Data is replicated and stored redundantly over multiple servers for availability in distributed databases. In this thesis, we first study the impact of redundancy on system latency in distributed databases. We focus on databases with frequent reads and writes, where both read and write latencies are important. This is in contrast to databases designed primarily for either read or write applications. Redundancy has contrasting effects on read and write latency. Read latency can be reduced by potential parallel access from multiple servers, whereas write latency increases as a larger number of replicas have to be updated. We quantify this tradeoff between read and write latency as a function of redundancy and provide a closed-form approximation when the request arrival is Poisson and the service is memoryless. We empirically show that this approximation is tight across all ranges of system parameters. Thus, we provide guidelines for redundancy selection in distributed databases. Further, we demonstrate the existence of optimal redundancy even in systems with non-memoryless service through simulations and experiments on practical systems.

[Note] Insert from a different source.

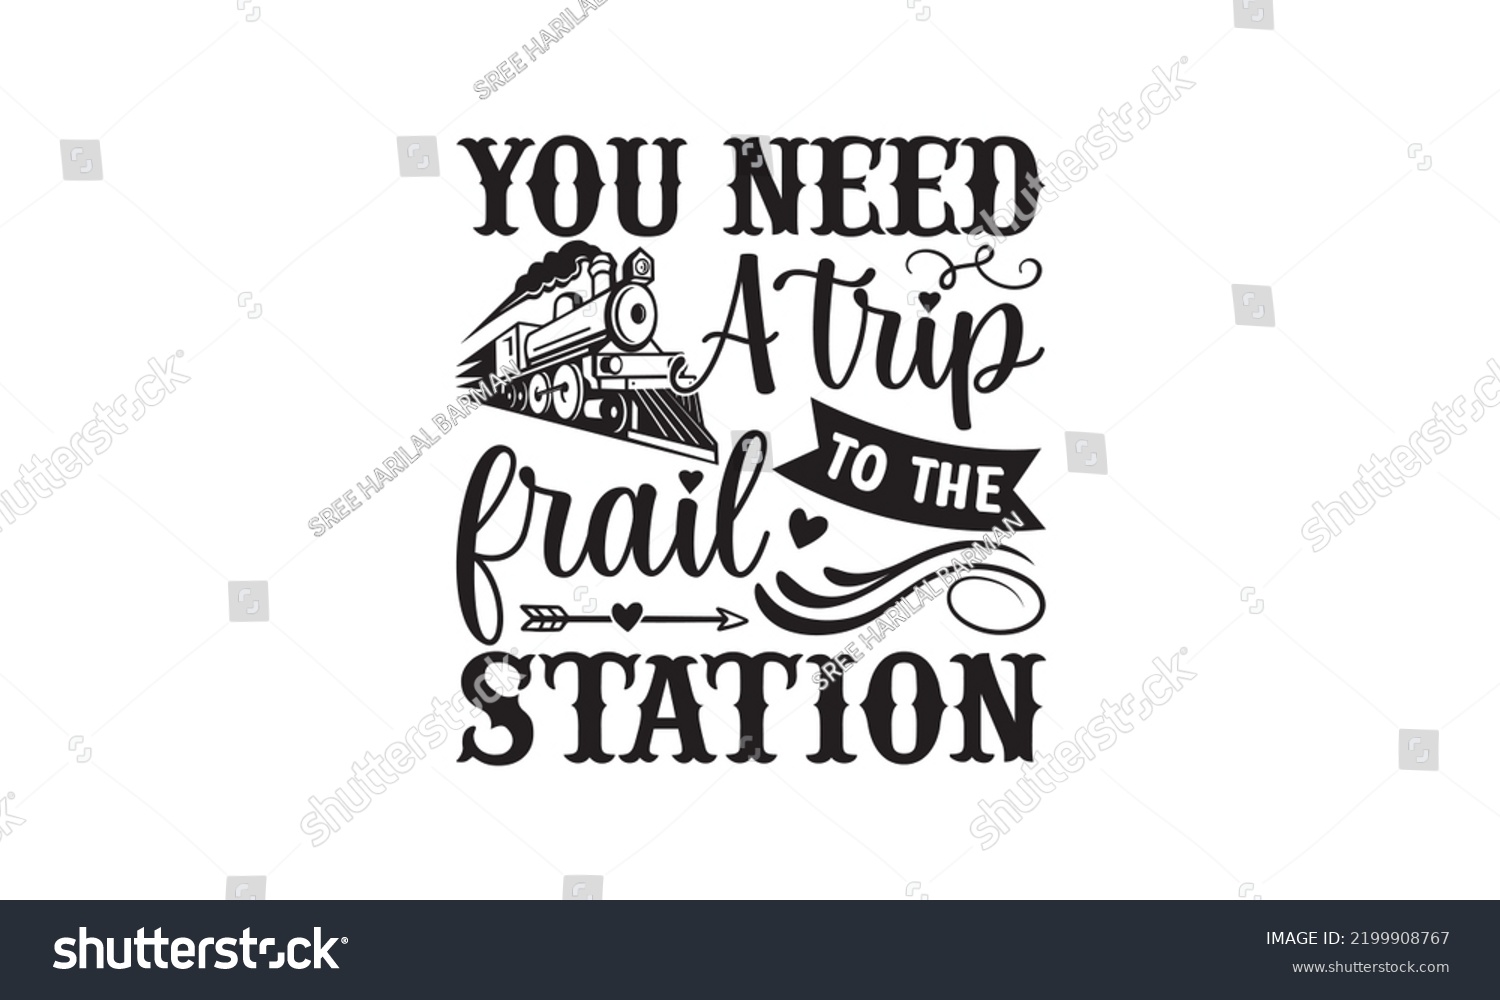 SVG of You need a trip to the frail station - Train SVG t-shirt design, Hand drew lettering phrases, templet, Calligraphy graphic design, SVG Files for Cutting Cricut and Silhouette. Eps 10 svg

Secondly, we propose a redundant scheme that introduces repair locality in distributed computation. In contrast to the previous model, we consider performing computations other than simple read and write across the distributed system. In distributed computing, a computation job is split into multiple tasks, and the tasks are executed over multiple nodes. In such a setting, slow compute nodes, referred to as stragglers, pose a bottleneck on the job computation time. For distributed computing of multivariate polynomials, Lagrange coded computing (LCC) proposed in literature tolerates an optimal number of stragglers while providing security against adversaries. Introducing repair locality in this setting reduces the number of worker nodes contacted to recover a particular computation and allows clients/intermediate nodes to compute individual function outputs. We propose a distributed polynomial computing scheme, where data is encoded using Tamo-Barg codes with carefully chosen parameters. We show that the scheme tolerates a larger number of stragglers when compared to the repeated LCC and Product Lagrange coded schemes for certain parameters. Furthermore, we provide an alternate proof for the optimality of LCC for multilinear functions based on properties of multivariate polynomial interpolation.